PKGINST: smsSms NAME: Oracle smsSms CATEGORY: application
ARCH: sun4u VERSION: 3.1.0 VENDOR: Oracle PSTAMP:
smsNode20041020104925 INSTDATE: Oct 20 2004 13:15 EMAIL:
support@oracle.com STATUS: completely installed FILES: 348
installed pathnames 39 directories 89 executables 152448 blocks
used (approx)For more information about the pkginfo utility, see
the system documentation.
Checking access to Oracle database
A number of services and functions rely on access to the Oracle database. To check that the Oracle database is available to a service, check the following:
- Use sqlplus to check that you can log in to the Oracle database with the username
and password the service is using to connect.
Example command:
sqlplus smf/smf
- Where the tables required for a service are known, use SQL
queries to check that:
- The tables exist
- The tables have appropriate content
For more information about SQL queries, see the Oracle documentation.
Checking network connectivity
Network connectivity will affect any process which requires communication between two different network addresses.
Network connectivity should support SSH sessions between the two machines experiencing the problem.
If you can open an SSH session between the two machines, check the following before contacting Level 1 support with details:
- If the address of either of the machines specified in the Node Management screens is a hostname, check that the hostnames used in the SSH sessions are the hostnames specified in the Node Management screen.
If you cannot SSH, check the following before contacting Level 1 support with details:
- Check that the hostname is resolving correctly in the DNS.
- Check that the physical network connection is working correctly.
- Check that the inetd and sshd are running.

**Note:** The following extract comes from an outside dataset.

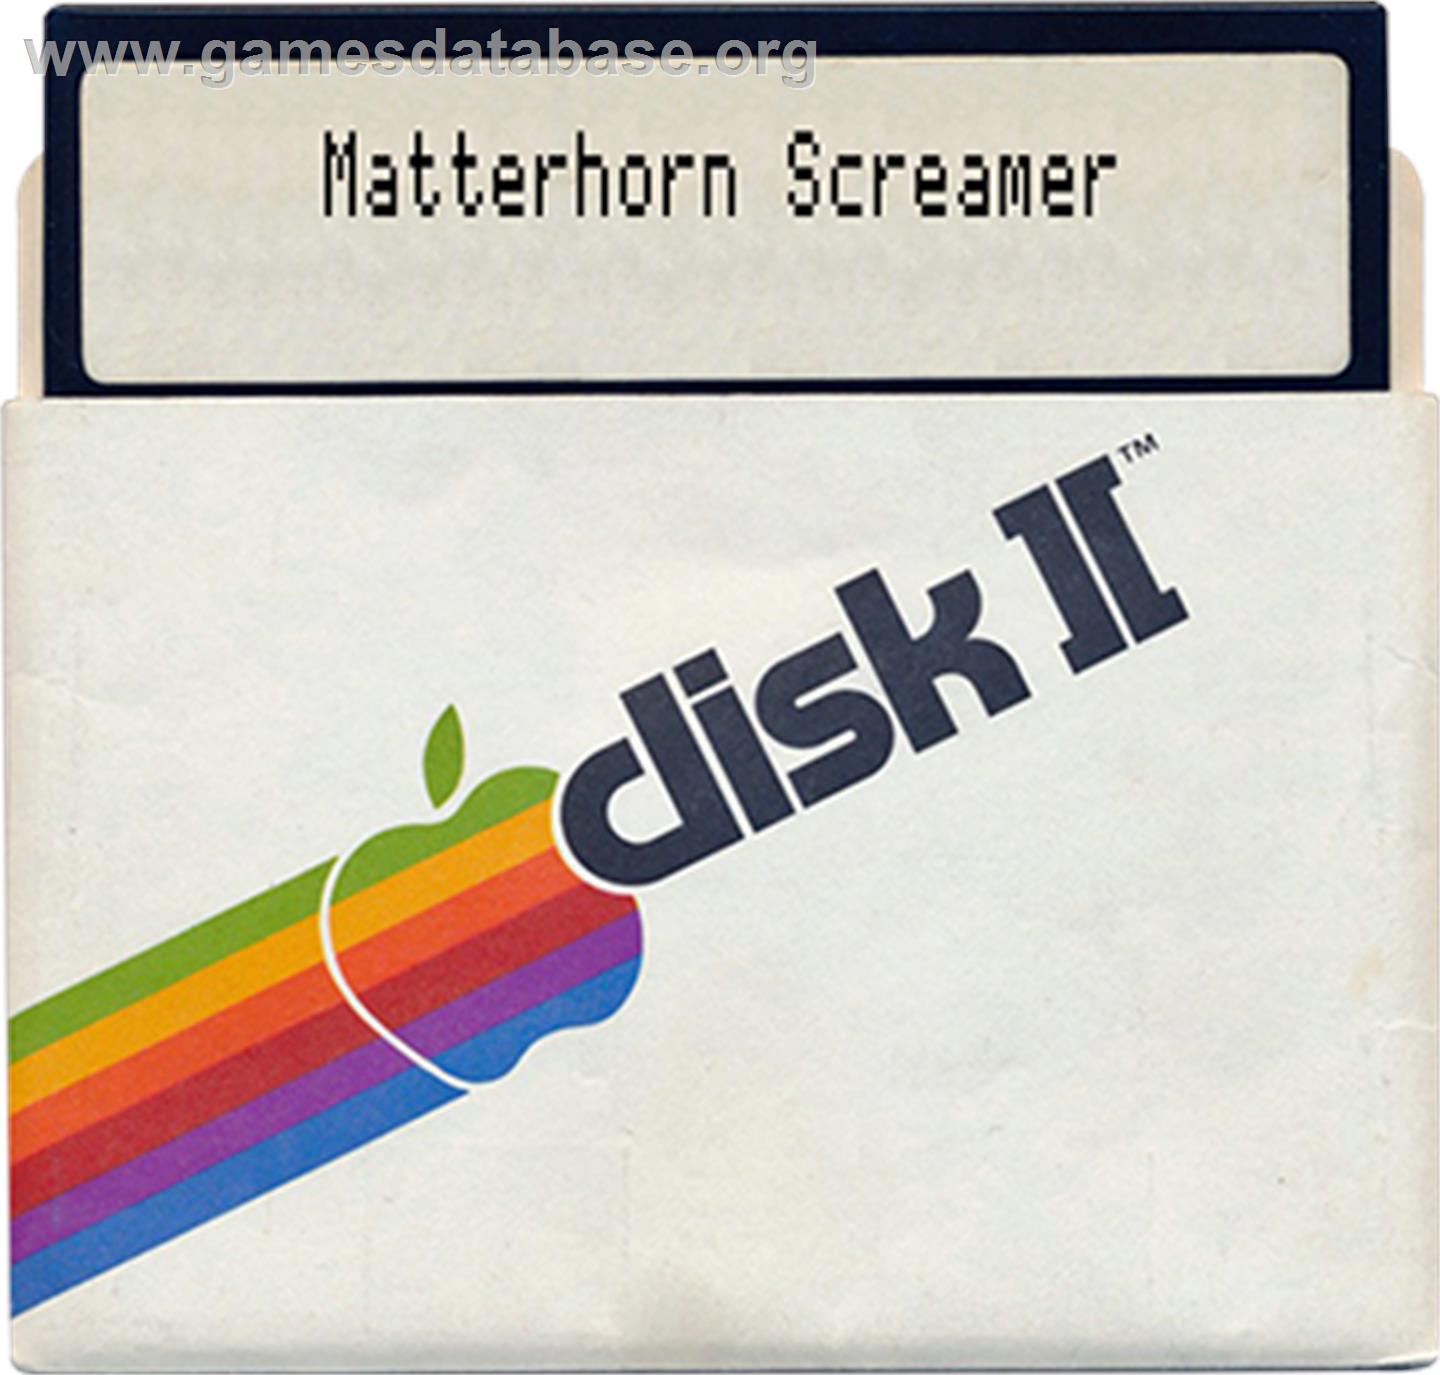 Matterhorn Screamer - Apple II - Artwork - Disc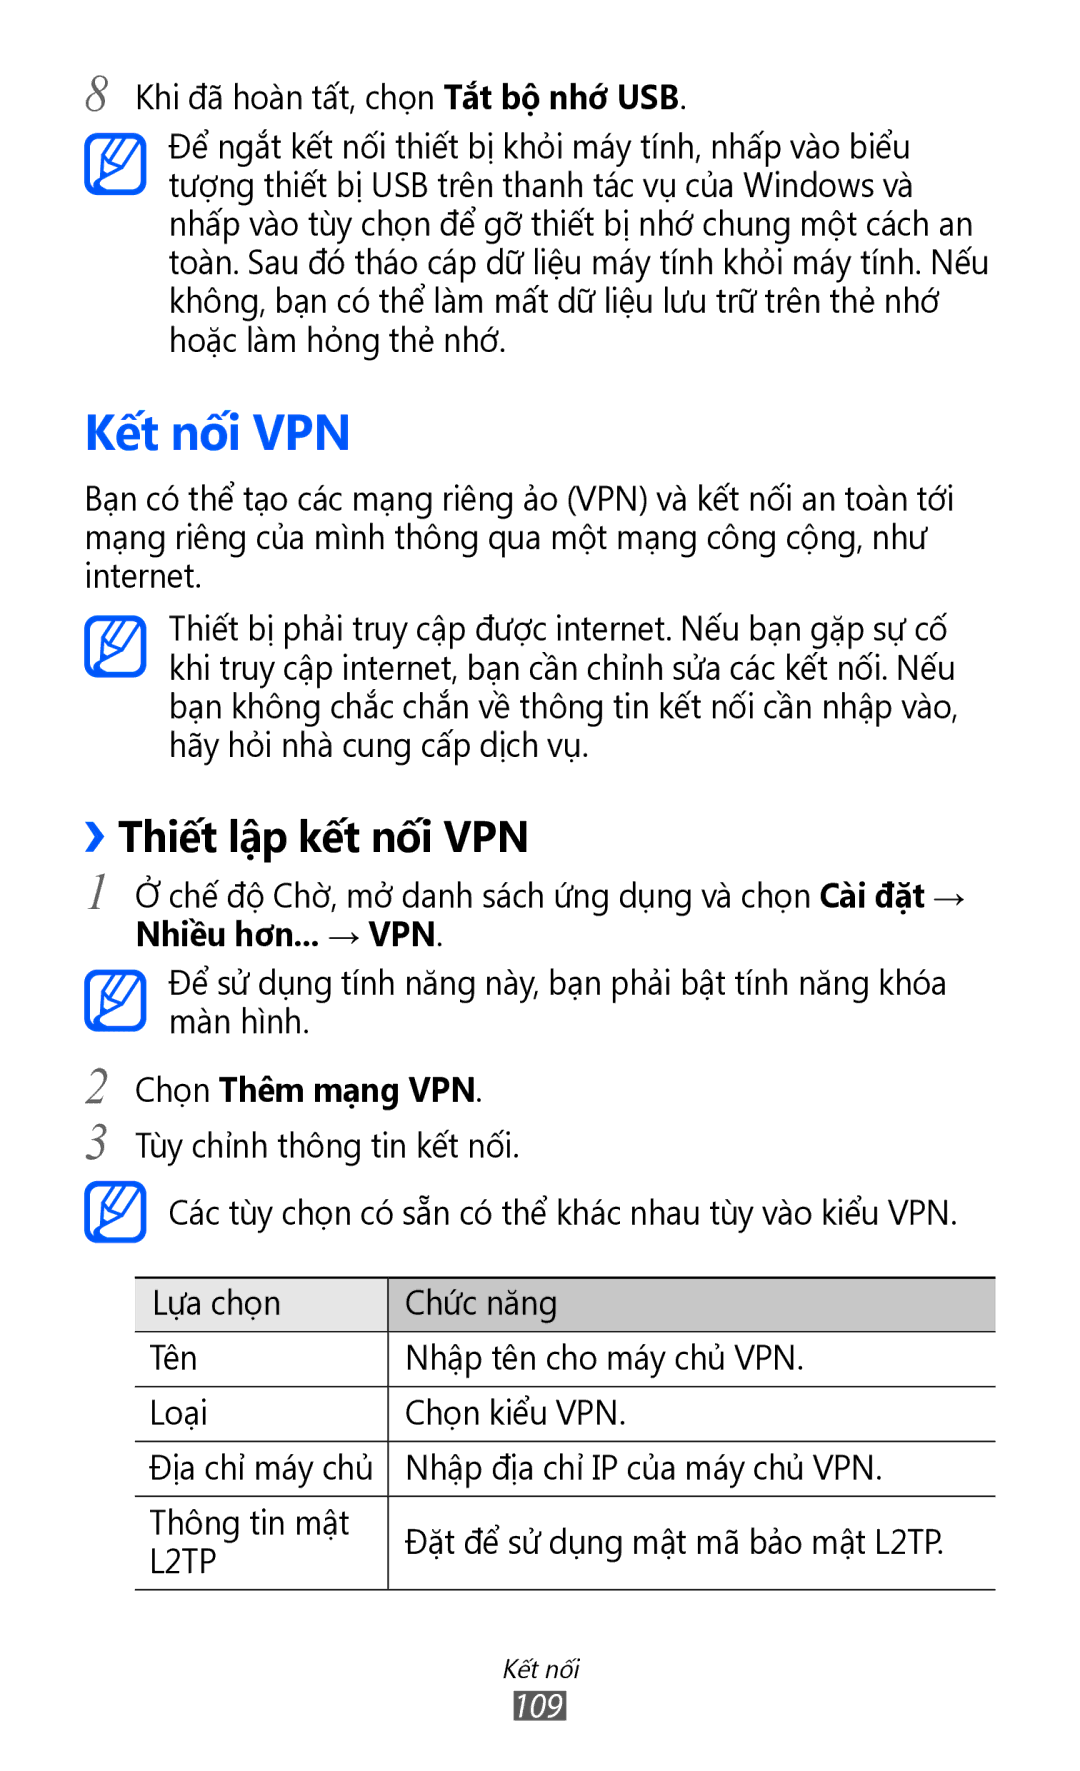 Samsung GT-I9100RWAXXV, GT-I9100LKAXXV, GT-I9100RWAXEV manual Kết nối VPN, ››Thiết lập kết nối VPN, Chọn Thêm mạng VPN

- Check that sshd is listening on the expected port.
- Check that the smf_oper and acs_oper accounts are not locked, and that the username and password combinations being used are correct.
Replication
Replication may be failing for the following reasons:
- SSH keys have not been correctly set up between origin and destination machines.
- The destination node has been incorrectly set up in the Node Management screens of the SMS Java screens.
- Oracle is not running correctly.
- A new replication.cfg file has not been created after a change.
- replication.cfg may not be successfully copying to the destination machine (an error should display when the Create Config File button on the Node Management screens is clicked).
- The partition on the destination machine where the data is being replicated to may be full.
- The updateLoader on the destination machine may be running incorrectly.
- The destination database may be substantially out of sync with the SMF. Run a resync.